The paper introduces a zero-assumption NLP method that defines an occupation as a bipartite "co-attractor" of people and vocabulary, and operationalizes tests for its emergence in resume data. Applied to 8.2 million US resumes (Aug 2022–Jan 2026), the method finds that AI exhibits a striking asymmetry: a tightly cohesive AI tooling vocabulary crystallized rapidly in early 2024, but the practitioner population never formed a mutually sustaining occupational cohort. In short, AI behaves like a diffusing technology absorbed across existing careers, not as a newly emergent occupation — though creating an “AI Engineer” occupational category could, in principle, catalyze population cohesion around the already-formed vocabulary.

Key Points

Co-attractor concept: an occupation is a mutually sustaining pair — a cohesive vocabulary and a cohesive population — each necessary for the other.
Push vs. Pull: compression/algorithmic artifacts (“push”, e.g., frequent tokens like “ai”) can produce apparent topics; genuine semantic co-occurrence among terms and genuine population similarity (“pull”) must be separated.
Dual, symmetric tests:
- Vocabulary cohesion: permutation-tested co-occurrence on XTX (term-term) to detect pull beyond frequency expectations.
- Population cohesion: permutation-tested co-occurrence on XXT (document-document) to detect groups of practitioners who are similar beyond focal terms.
Ablation: removing the candidate vocabulary from resumes and retesting population cohesion determines whether vocabulary is necessary for the observed population cluster (tests mutual dependence).
Trifactor NMF (X ≈ F S Gᵀ): used to independently identify document groups F (populations), term groups G (vocabularies), and the coupling S; large diagonal S[k,k] indicates strong within-topic population–vocabulary coupling.
Empirical AI result: three independent timelines show (1) rapid vocabulary lock-in (early 2024), (2) dissolution/absence of a cohesive AI practitioner population, and (3) population signals driven mainly by generic signaling terms rather than tooling vocabulary.
Validation: method recovers established occupations in held-out tests (paper reports validating on two known occupations).
Interpretation: AI is observed as a diffusing general-purpose technology rather than a self-contained emerging occupation; prior AI practitioner communities fragmented as AI tools became mainstream.

Data & Methods

Data
- Source: BOLD platform ecosystem resumes (users of resume-builder tools).
- Sample: 8.2 million US resumes, August 2022 – January 2026.
- Temporal resolution: monthly windows (42 months).
Preprocessing / representations
- Document-term matrix X (rows = resumes, columns = terms/skills/vocabulary tokens).
- Cosine similarity used for pairwise co-occurrence measures.
Push vs. pull filtration (compressionless co-occurrence test)
- Null construction: independently permute each column of X 200 times to preserve term frequencies but destroy co-occurrence structure.
- For each term pair (or document pair), compare observed similarity to the empirical permutation distribution; mark edges significant after Benjamini–Hochberg correction.
- Result: Boolean masks Mvoc and Mpop that keep only edges driven by pull (co-occurrence beyond frequency).
Validation of groups (hypergeometric density test)
- Given the pull-filtered graph, compute whether a candidate vocabulary or population group has more significant internal edges than expected by chance using a hypergeometric/urn model; report density ratio (>1 indicates over-connection).
Topic/co-cluster discovery
- Trifactor NMF (X ≈ F S Gᵀ) to identify document clusters (F), vocabulary clusters (G), and coupling strengths (S).
- Use S to measure within-topic coupling; use ablation (zero-out vocabulary terms in X and retest population cohesion on XXT) to test necessity of vocabulary for population coherence.
Multiple complementary diagnostics: concentration of F[:,k], cohesion on raw XXT, significant vocabulary density on XTX, and ablation-driven changes.
Statistical thresholds and corrections reported (permutation repeats = 200; multiple testing control via Benjamini–Hochberg).

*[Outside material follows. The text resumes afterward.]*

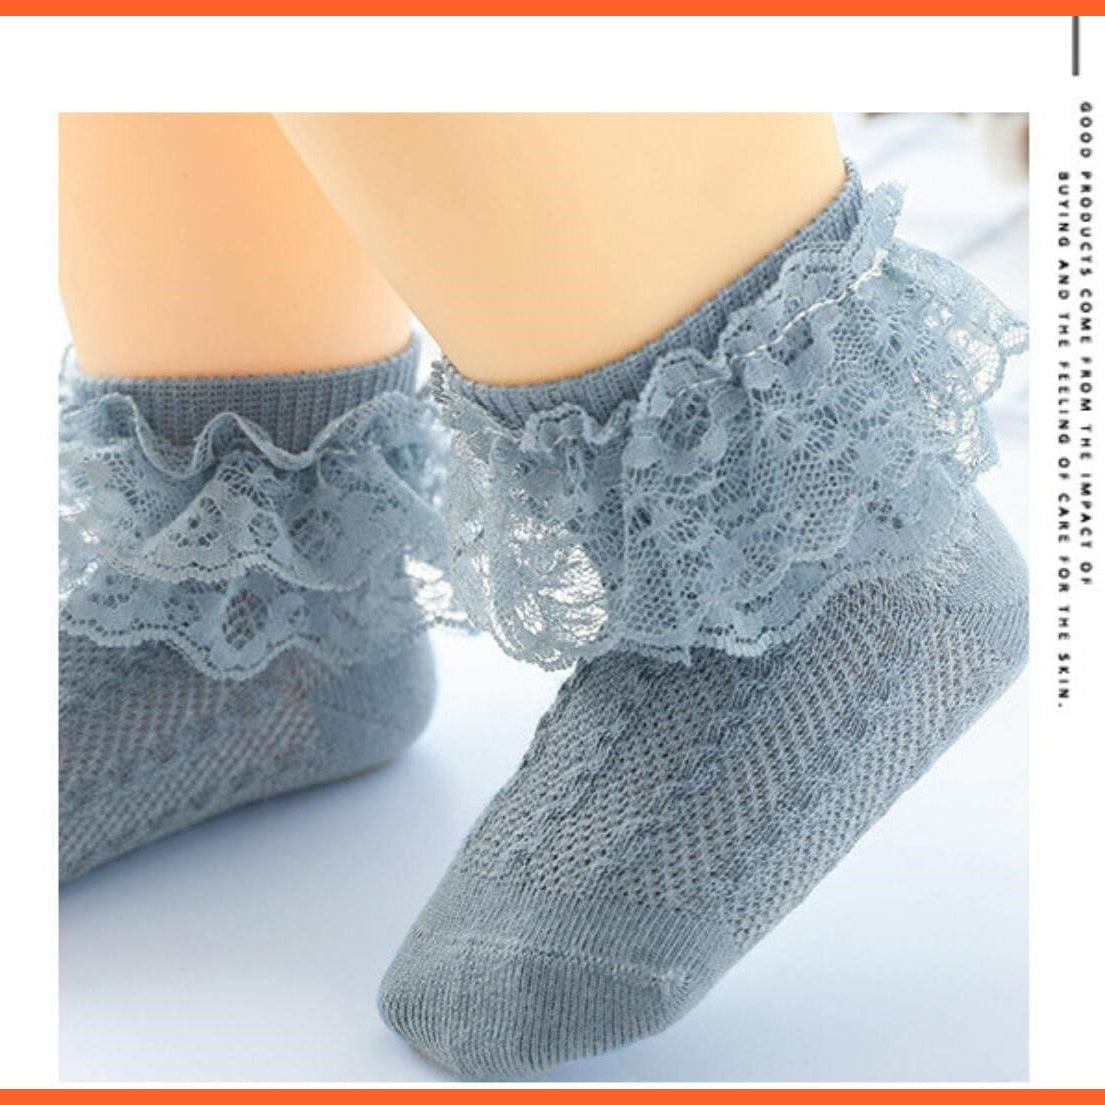 whatagift.com.au kids socks Infant Newborn Toddler Lace Ruffled Frilly Warm Lace Tutu Solid Ankle Baby Socks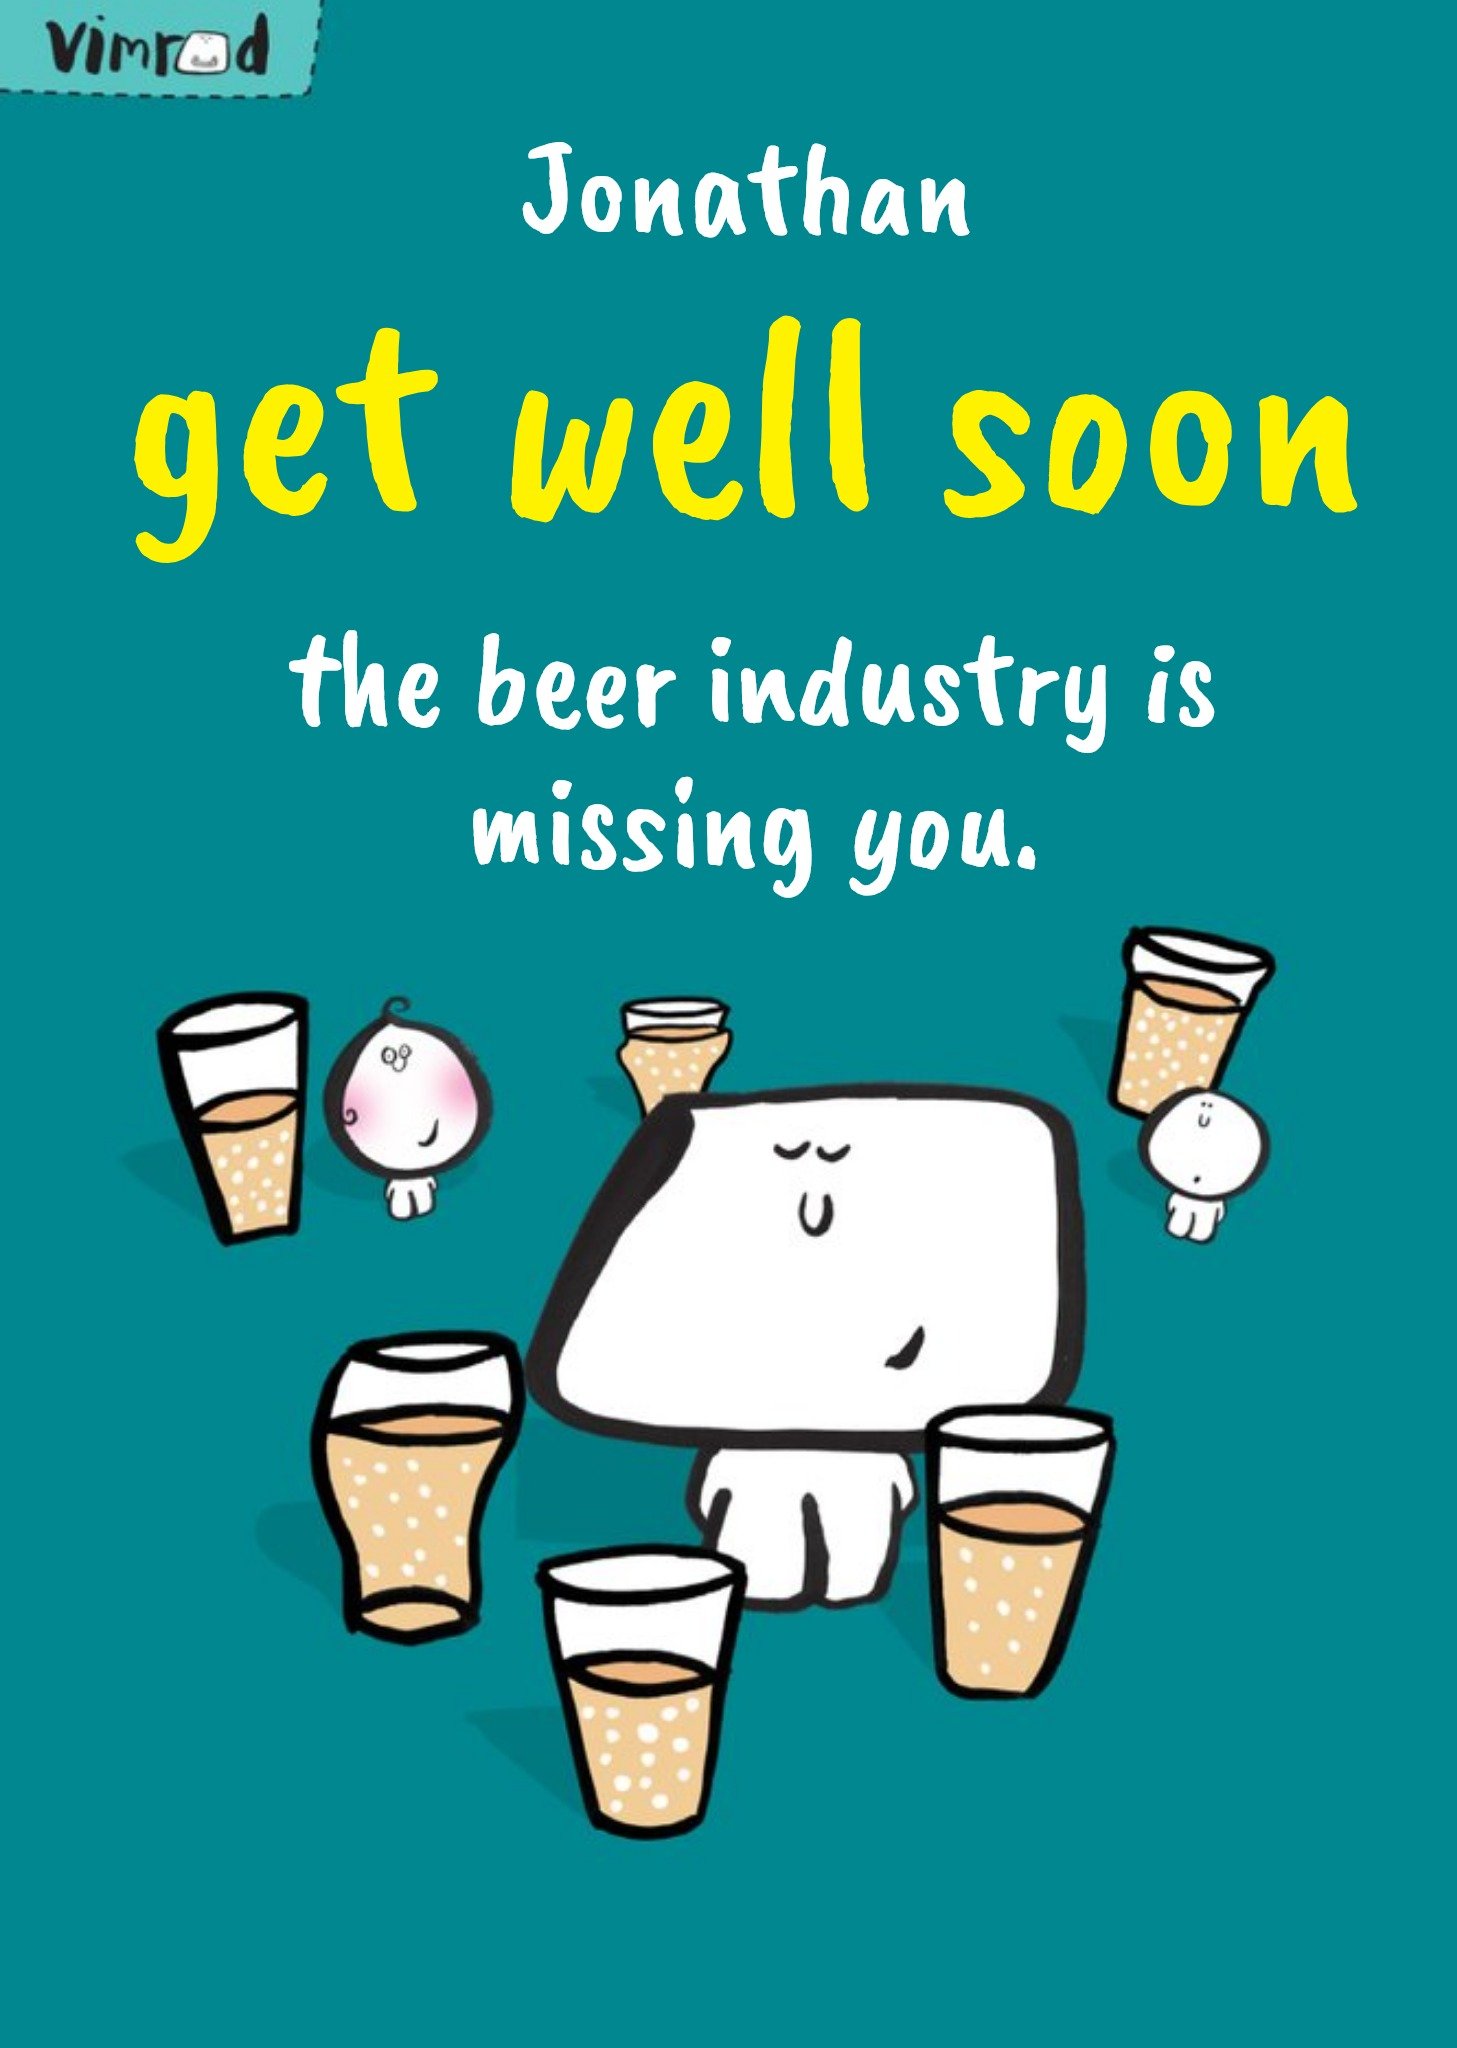 Moonpig Vimrod The Beer Industry Card Is Missing You Personalised Get Well Soon Card Ecard

Implications for AI Economics

Measurement and monitoring
- Existing taxonomies (SOC, O*NET) and five-year surveys lag true occupational dynamics; the paper demonstrates a scalable, high-frequency resume-based approach to detect nascent occupations or diffusion in near–real time.
- The co-attractor tests separate buzzword-driven signals from genuine occupational formation — important for accurate labor market measurement and forecasting.
Labor market interpretation
- If AI is primarily diffusing across occupations rather than forming its own occupation, policies focusing on retraining should emphasize upskilling within existing career ladders (role-specific tool adoption, integration into domain tasks) rather than creating separate AI-only career tracks.
- Employer classification and hiring taxonomies that treat AI expertise as a cross-cutting skill (rather than a discrete occupational label) may better reflect current labor-market structure — unless active steps are taken to institutionalize a new occupation.
Policy and credentialing
- Introducing a formal occupational category (e.g., “AI Engineer”) — via standard occupational classification, credentialing programs, or industry hiring taxonomies — could act as a coordination mechanism and potentially catalyze population cohesion around the already-formed vocabulary (i.e., complete the co-attractor). Whether this is desirable depends on trade-offs (e.g., labor market segmentation vs. clearer training pipelines).
Workforce forecasting and education
- Forecasts that assume rapid emergence of a unified AI occupation may overstate labor reallocation; instead expect AI skill diffusion to alter task content and productivity within many occupations.
- Educational and training programs should prioritize embedding AI tool fluency into domain curricula and continuing education for incumbent workers rather than primarily funding standalone “AI degrees.”
Research and policy caveats
- The method relies on resume text (supply-side signal); employer-side uptake and job-posting dynamics matter for wages and demand. A combined analysis (resumes + job postings + employer surveys) would give a fuller picture.
- Data-source considerations: BOLD’s resume sample is described as broader than LinkedIn’s, but all resume platforms have selection biases that should be acknowledged when generalizing to the whole labor force.
- Ablation establishes necessity of vocabulary for population cohesion in the data, not causal mechanisms in the broader labor market.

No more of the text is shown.